Ordering microfilm from the Family History Library is being discontinued as of 31 August 2017. You might be wondering if you should be ordering microfilm right away. The answer might be yes. First, determine if you will need any microfilm in the near future and determine if that microfilm has been digitized or not. Don’t understand what I’m talking about? Read on to find out!
The official announcement in a nutshell is this:
The last day to order microfilm from the Family History Library in Salt Lake City, or aka FamilySearch, is 31 August 2017.
If you are relatively new to family history, you may not understand why this is such a big deal. Not all genealogists understand the significance of this announcement because they are not familiar with the lingo. Microfilmed verses digitized records for example.

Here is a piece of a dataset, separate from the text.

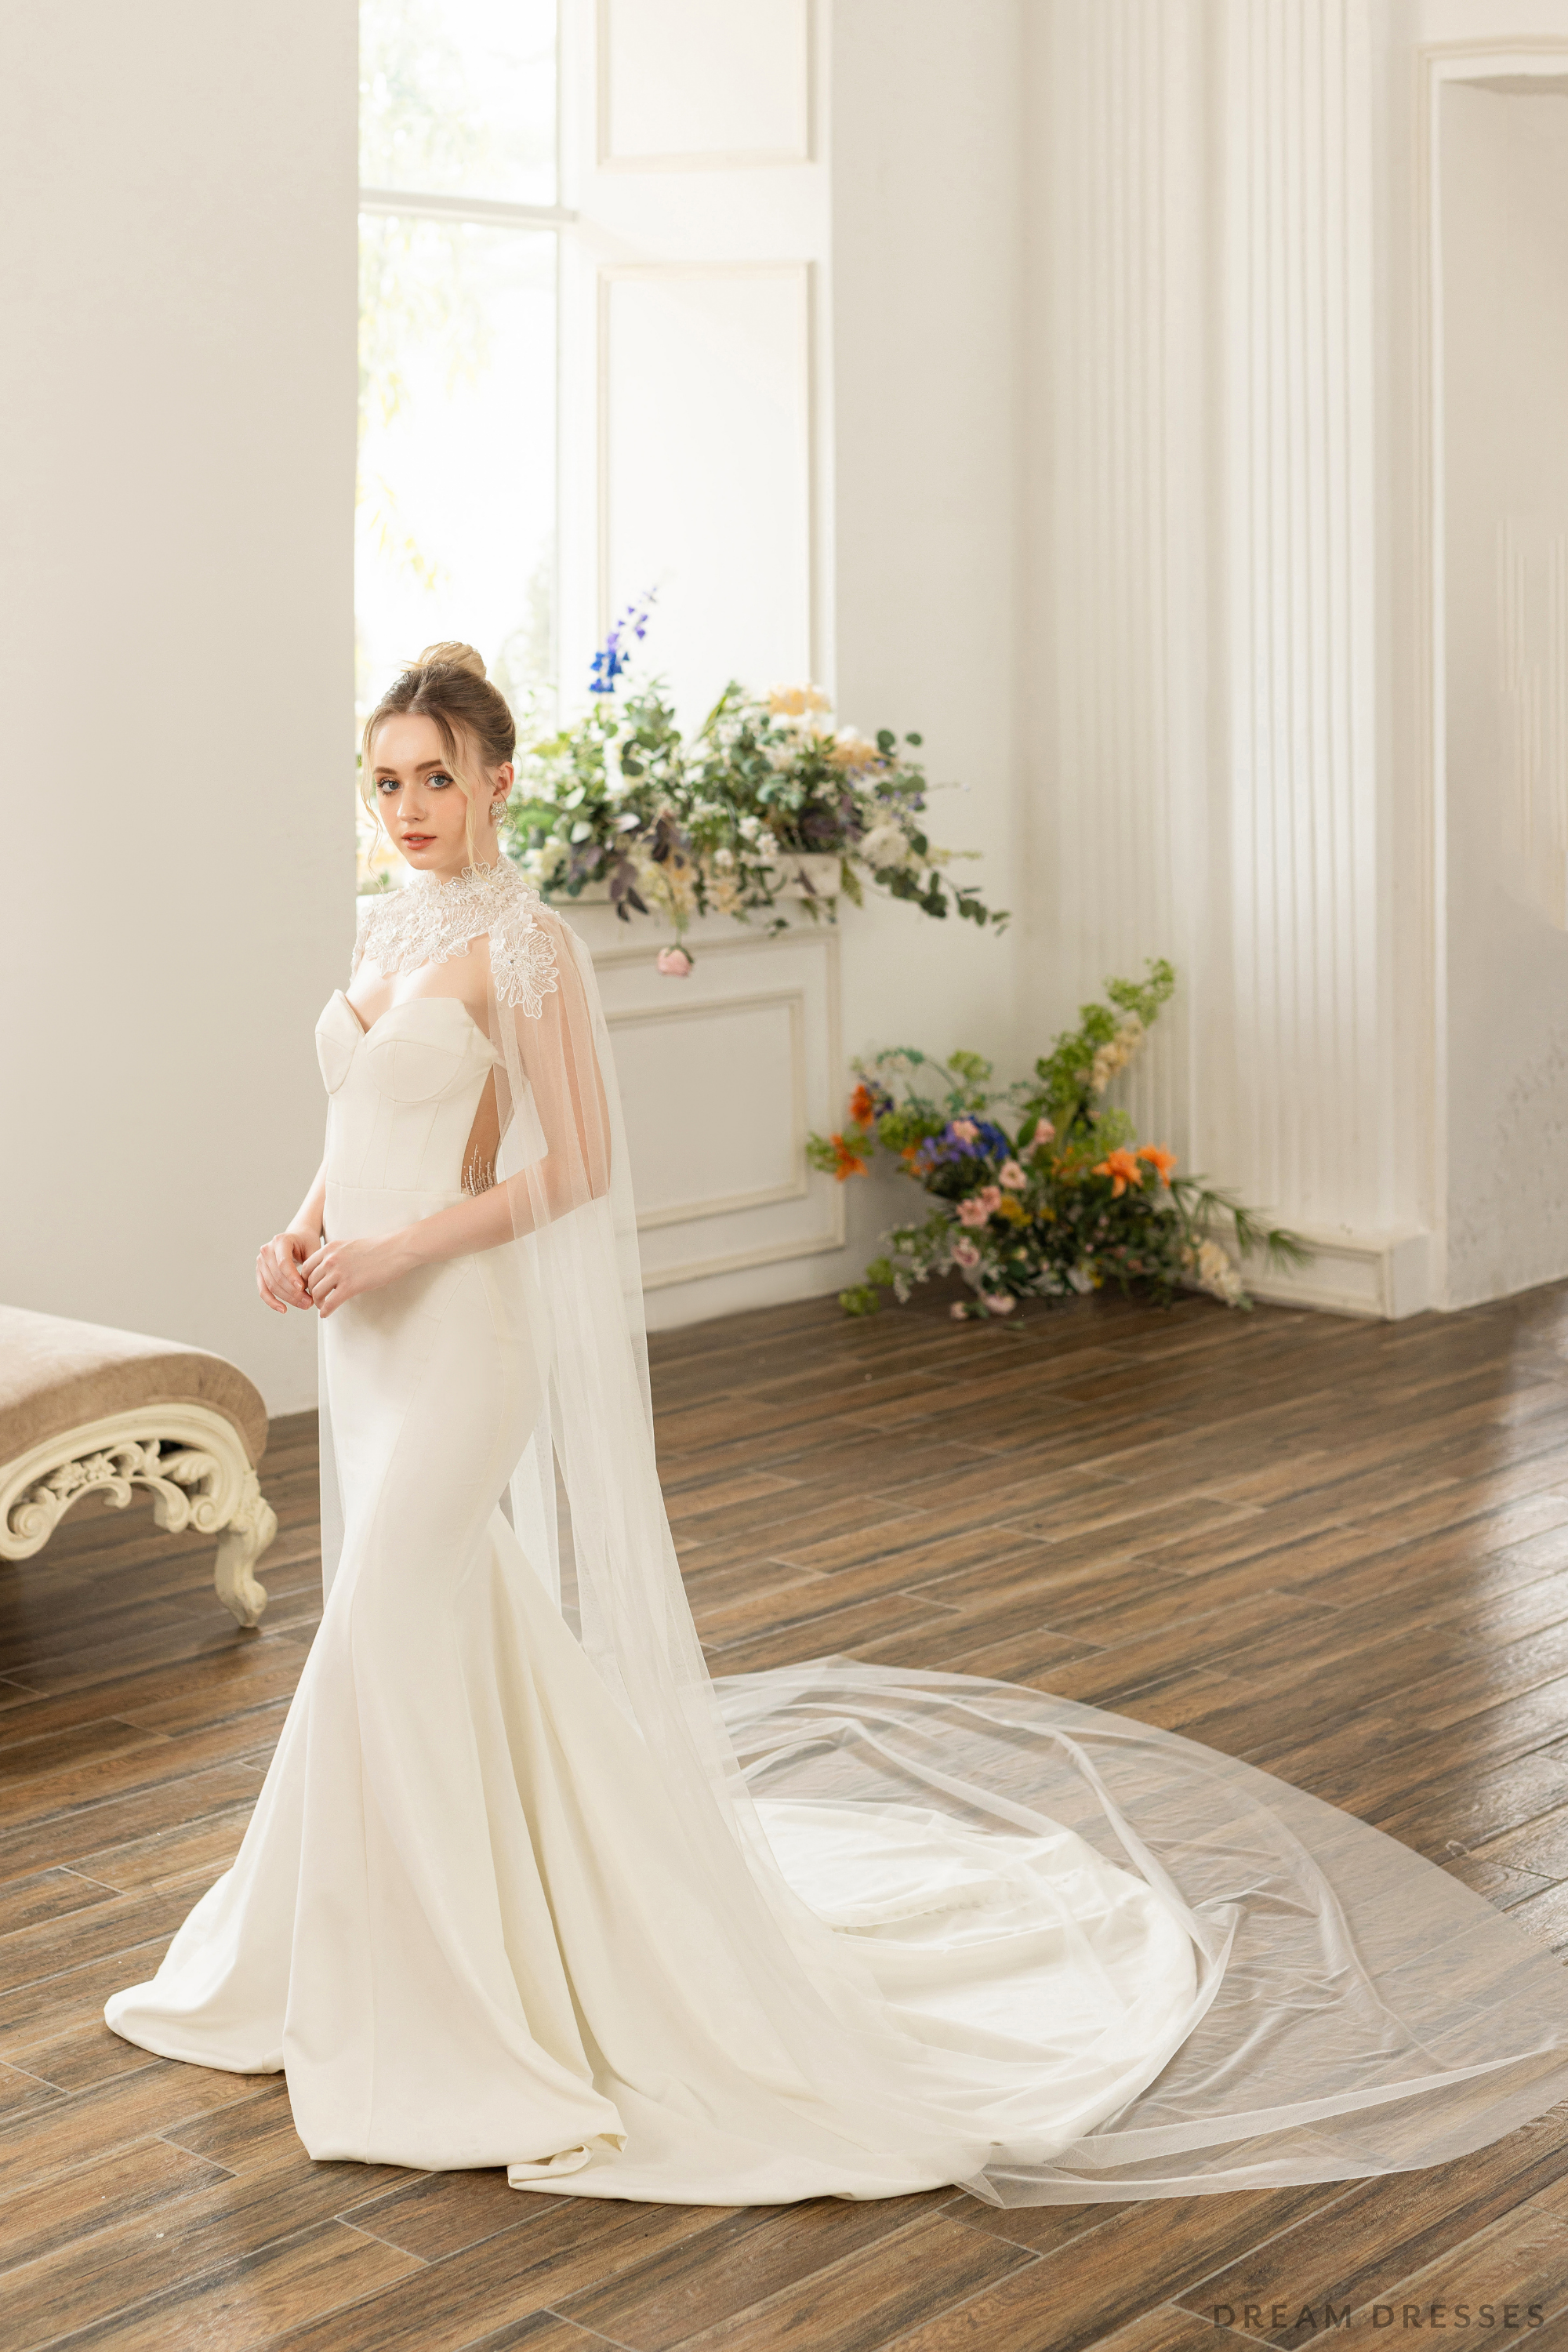 Couture Floral Lace Bridal Cape (#ELOSIA)

Microfilm looks like a roll of film with pictures on it. Those pictures are of records. Organizations, like The Church of Jesus Christ of Latter-day Saints, have gone all over the world taking pictures of vital records and books to place on microfilm. Those microfilms are housed in Salt Lake City, Utah and are made available for others to look at when they visit the Family History Library in Salt Lake to do their family history and genealogy work.
The Church also made it possible to rent or borrow that microfilm. If there is a roll of microfilm you need to see, but you are not able to travel to Salt Lake City, you can pay a rental fee and have that microfilm sent to a Family History Center near you. At least, that’s how it is and will be until 31 August!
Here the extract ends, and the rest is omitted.